=== INFORMATION PROVIDED ===
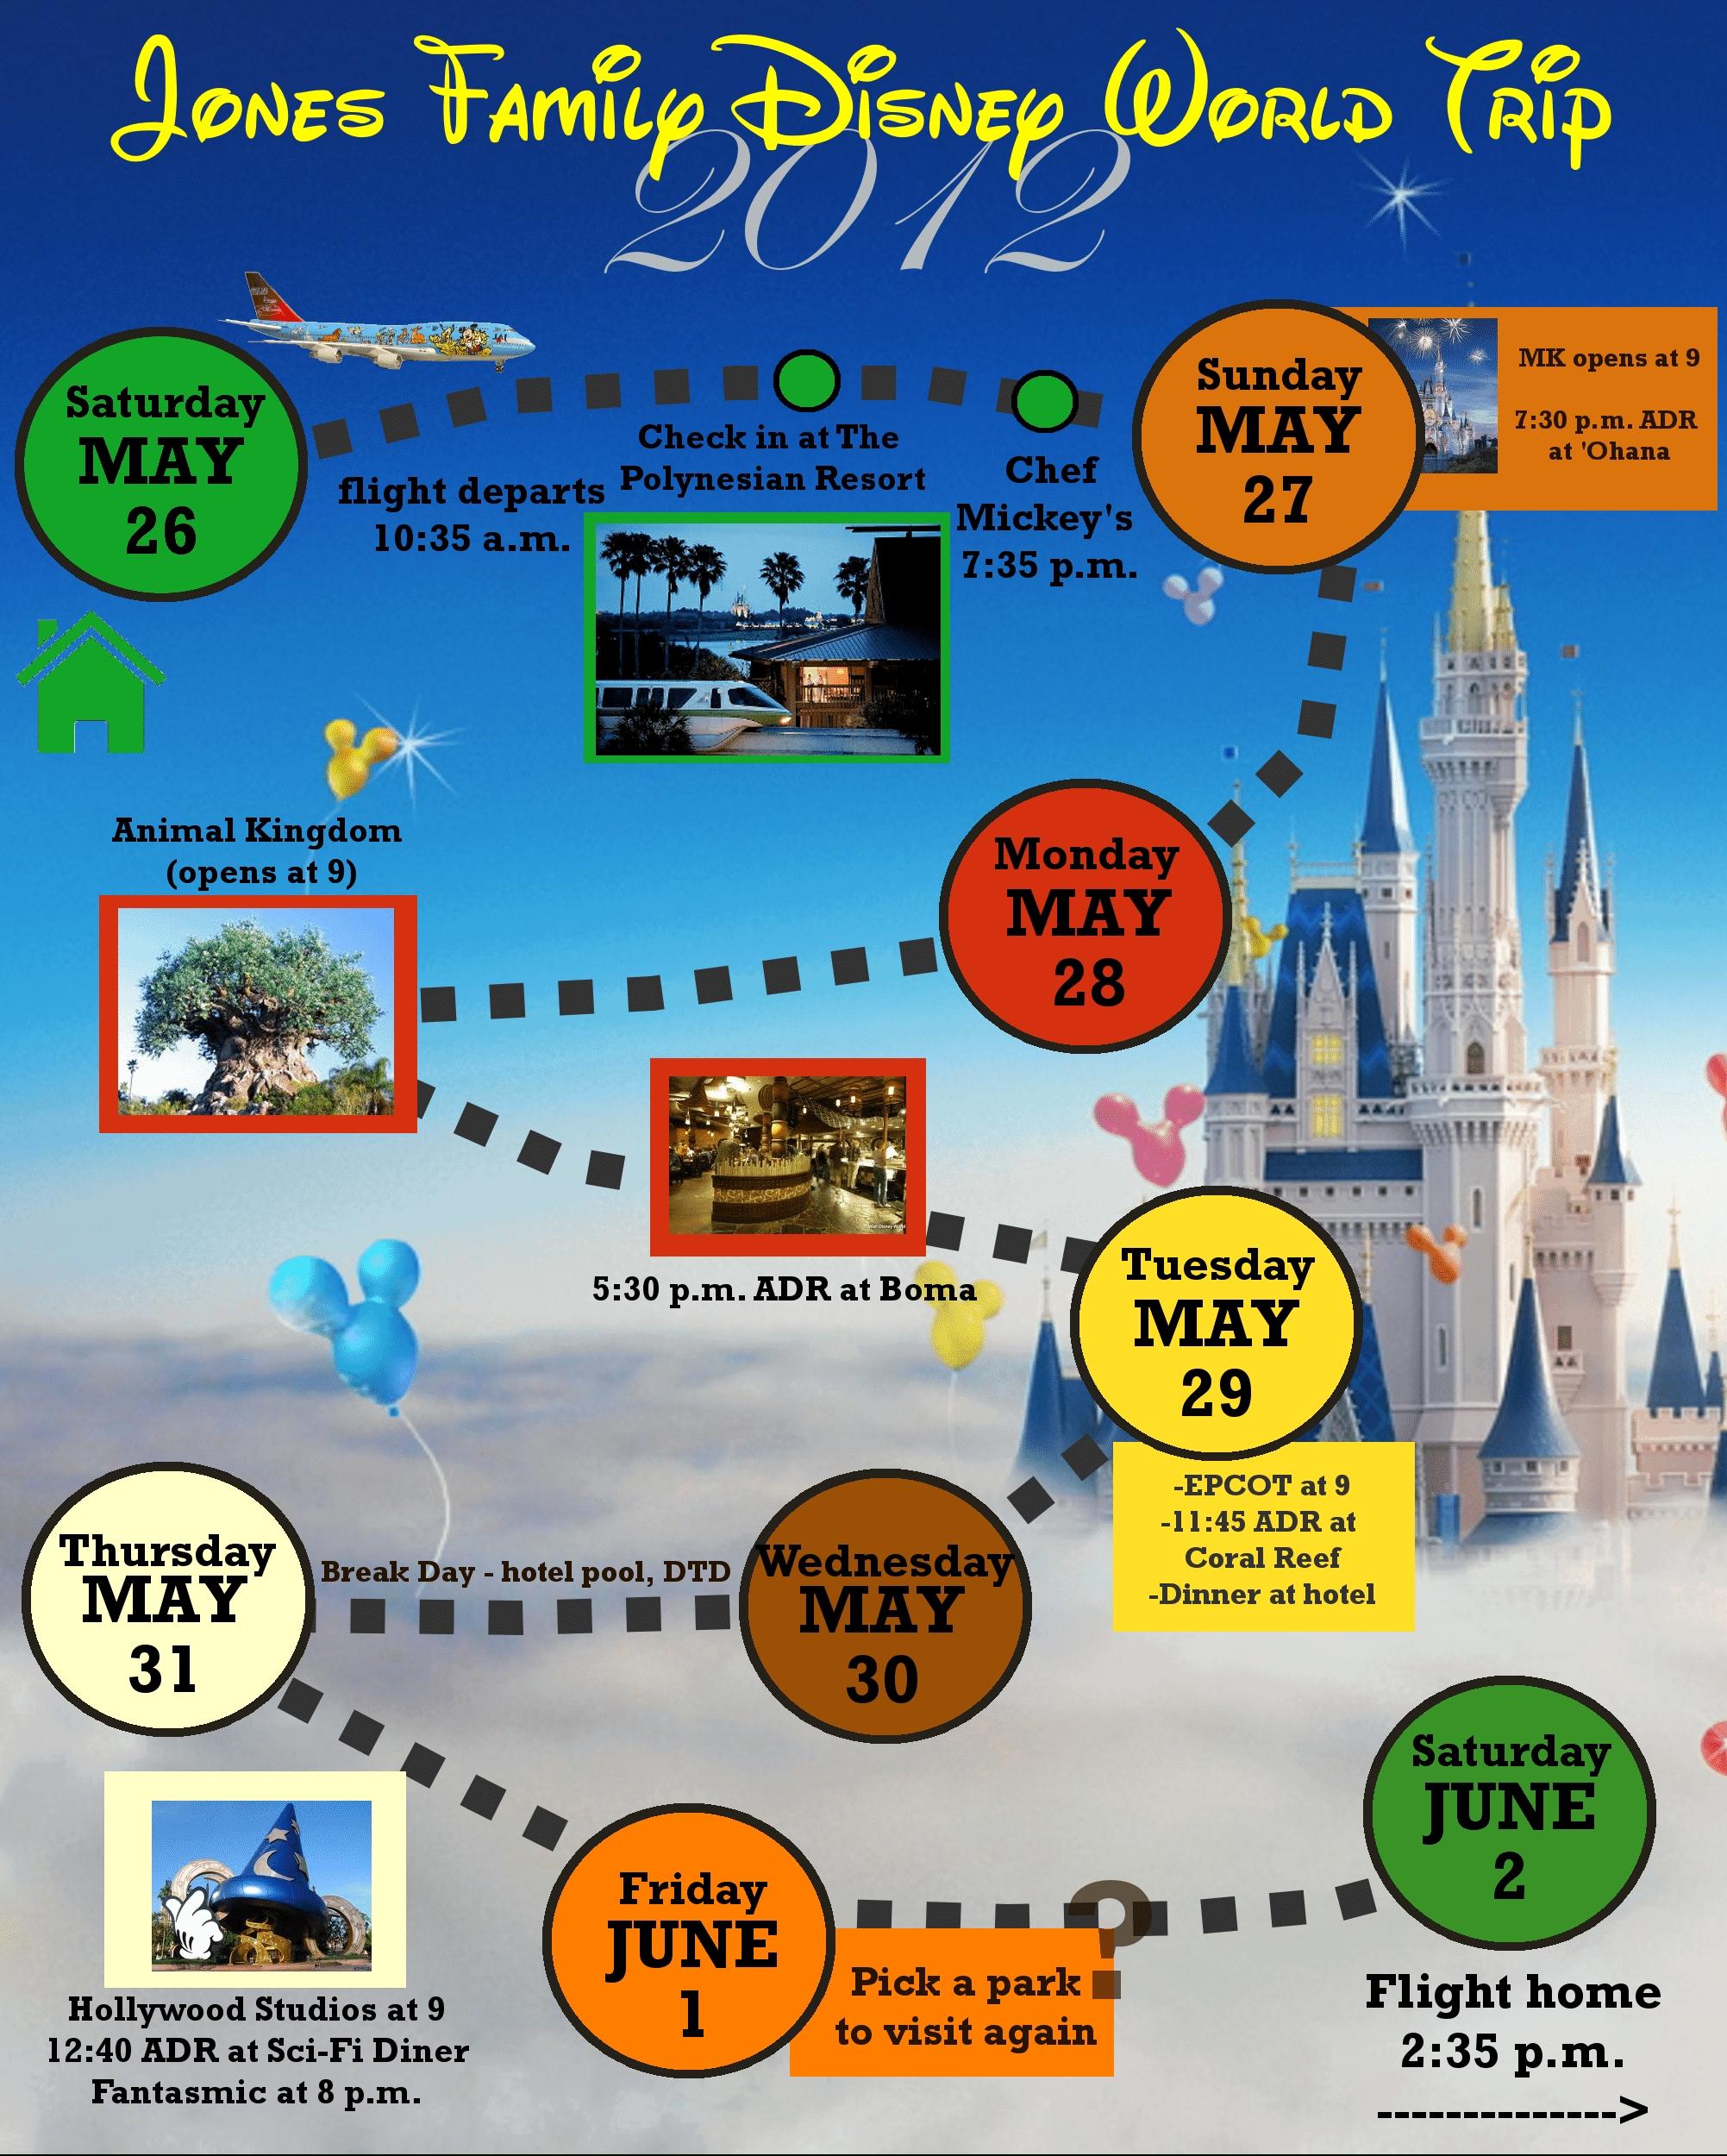 2 Custom Disney World Itinerary Templates | Wdw Prep School-Template For Wdw Itinerary
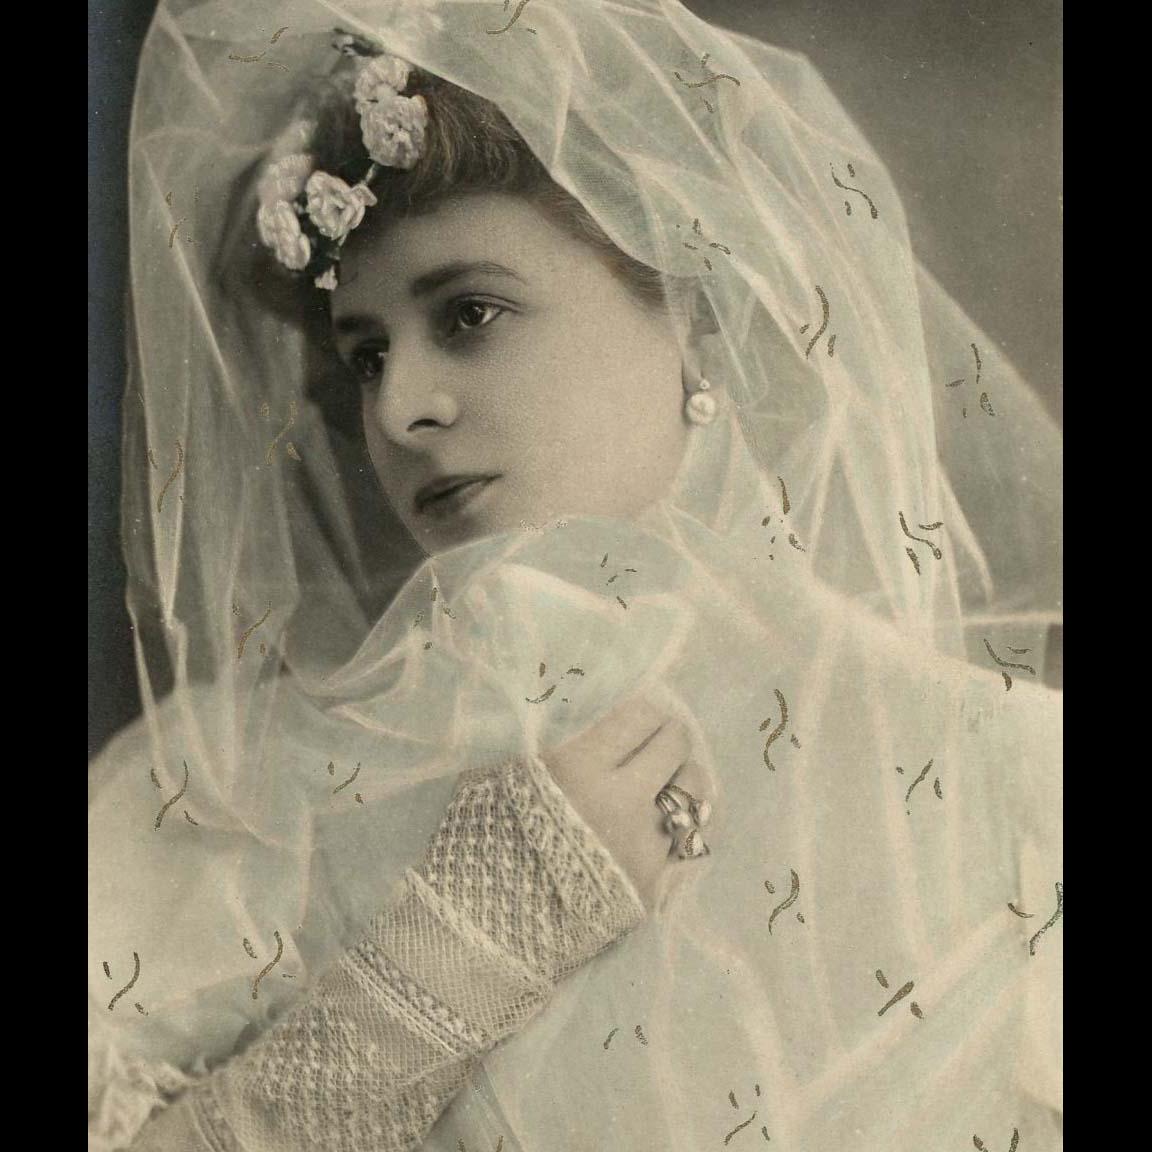 Belle Epoque Actress Dressed as Bride Reutlinger Real Photo Hand-Detailed Postcard
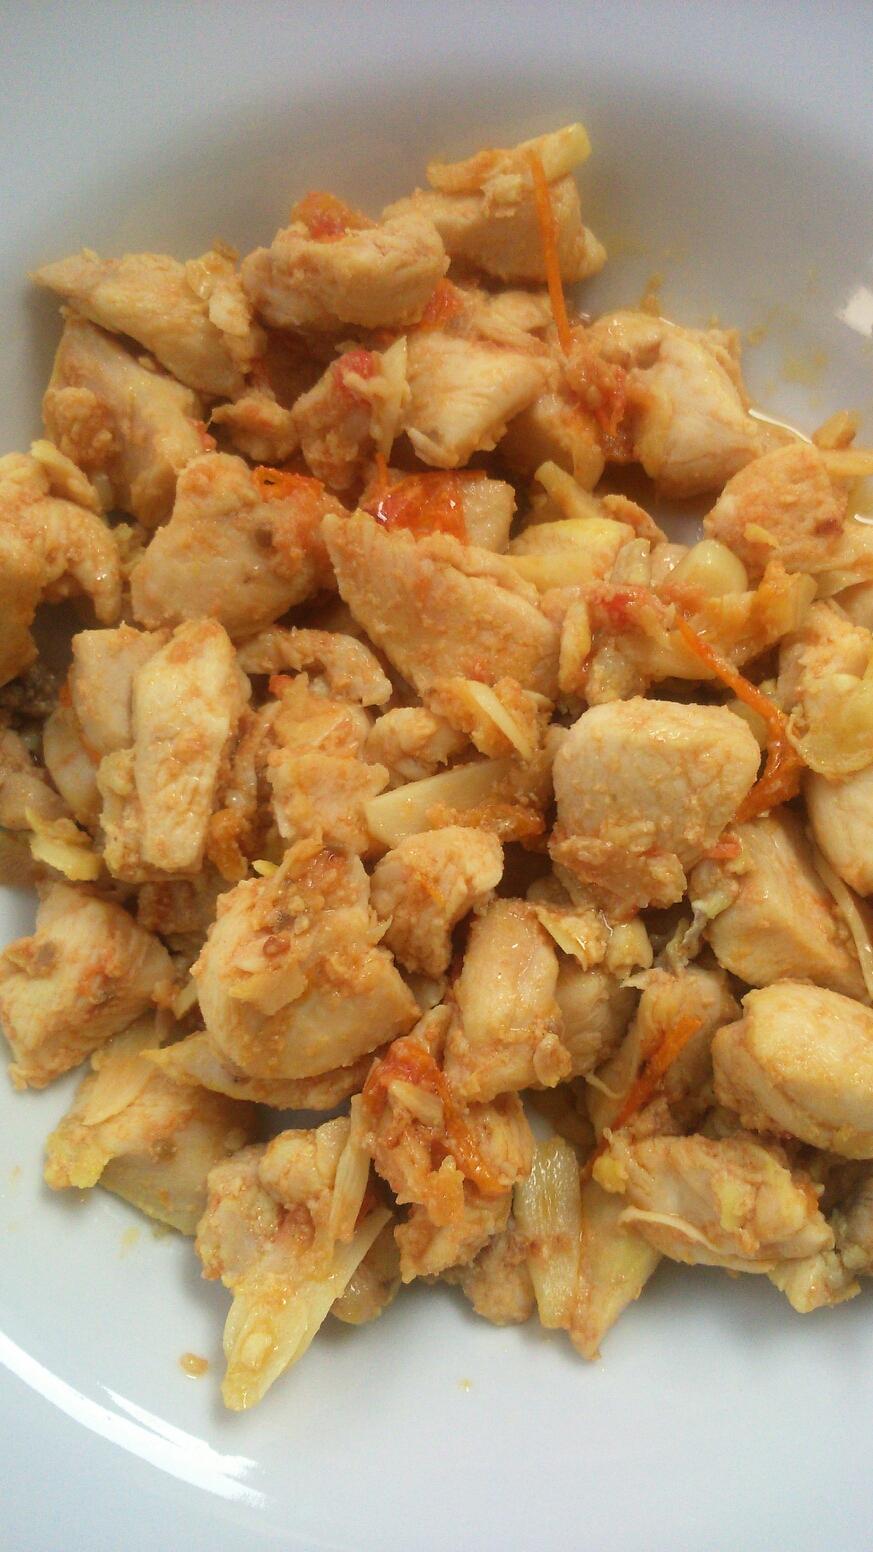 Resep Mpasi Ayam Tumis Mentega Zarahgy S Blog

=== DIRECTIONS ===
Only text belongs in the copy: repeat each line of the data exactly and leave out the pictures.

=== TASK OUTPUT ===
 2 Custom Disney World Itinerary Templates | Wdw Prep School-Template For Wdw Itinerary
 Belle Epoque Actress Dressed as Bride Reutlinger Real Photo Hand-Detailed Postcard
 Resep Mpasi Ayam Tumis Mentega Zarahgy S Blog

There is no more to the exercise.